This week, President Biden’s Department of Justice withdrew its support for a lawsuit brought by three female high school athletes in Connecticut claiming that females being forced to compete with biological males violates Title IX.
Under the previous administration, then-Attorney General Bill Barr backed the lawsuit. Barr said that the Connecticut Interscholastic Athletic Conference’s (CIAC) interpretation of Title IX that barred schools from accounting for “real physiological differences between men and women” was antithetical to the intentions of Title IX.
“Under CIAC’s interpretation of Title IX … schools may not account for the real physiological differences between men and women,” Barr said in March 2020. “Instead, schools must have certain biological males — namely, those who publicly identify as female — compete against biological females. In so doing, CIAC deprives those women of the single-sex athletic competitions that are one of the marquee accomplishments of Title IX.”

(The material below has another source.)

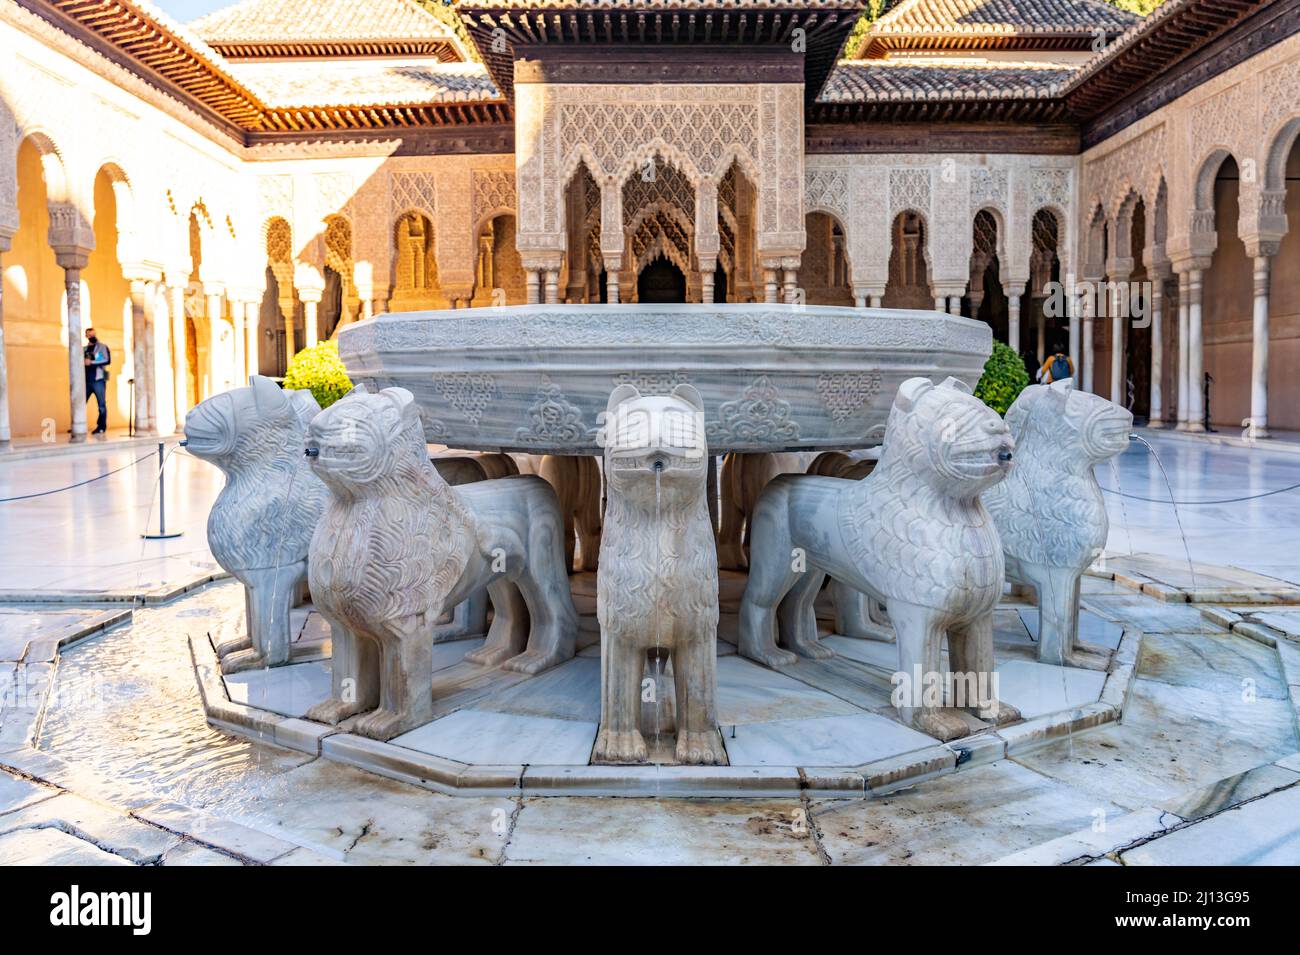 Löwenhof mit dem Löwenbrunnen, Welterbe Alhambra a Granada, Andalusia, spagnolo | Fontana e Corte dei leoni, patrimonio mondiale dell'Alhambra a Grana Foto Stock

One of three girls who had brought the lawsuit, Alanna Smith, along with her attorney, Christiana Holcomb of the Alliance Defending Freedom, appeared on Fox News this week to discuss the Biden administration’s withdrawal. Smith explained that she filed and her fellow athletes filed the lawsuit because “Fairness needs to be restored in our sport and all other women’s sports … these biological males are just taking it away from us.”
The Connecticut Interscholastic Athletic Conference rules that allow biological males to compete in girls’ sports resulted in two biologically male track athletes bringing home 15 women’s state championship titles between 2017 and 2019.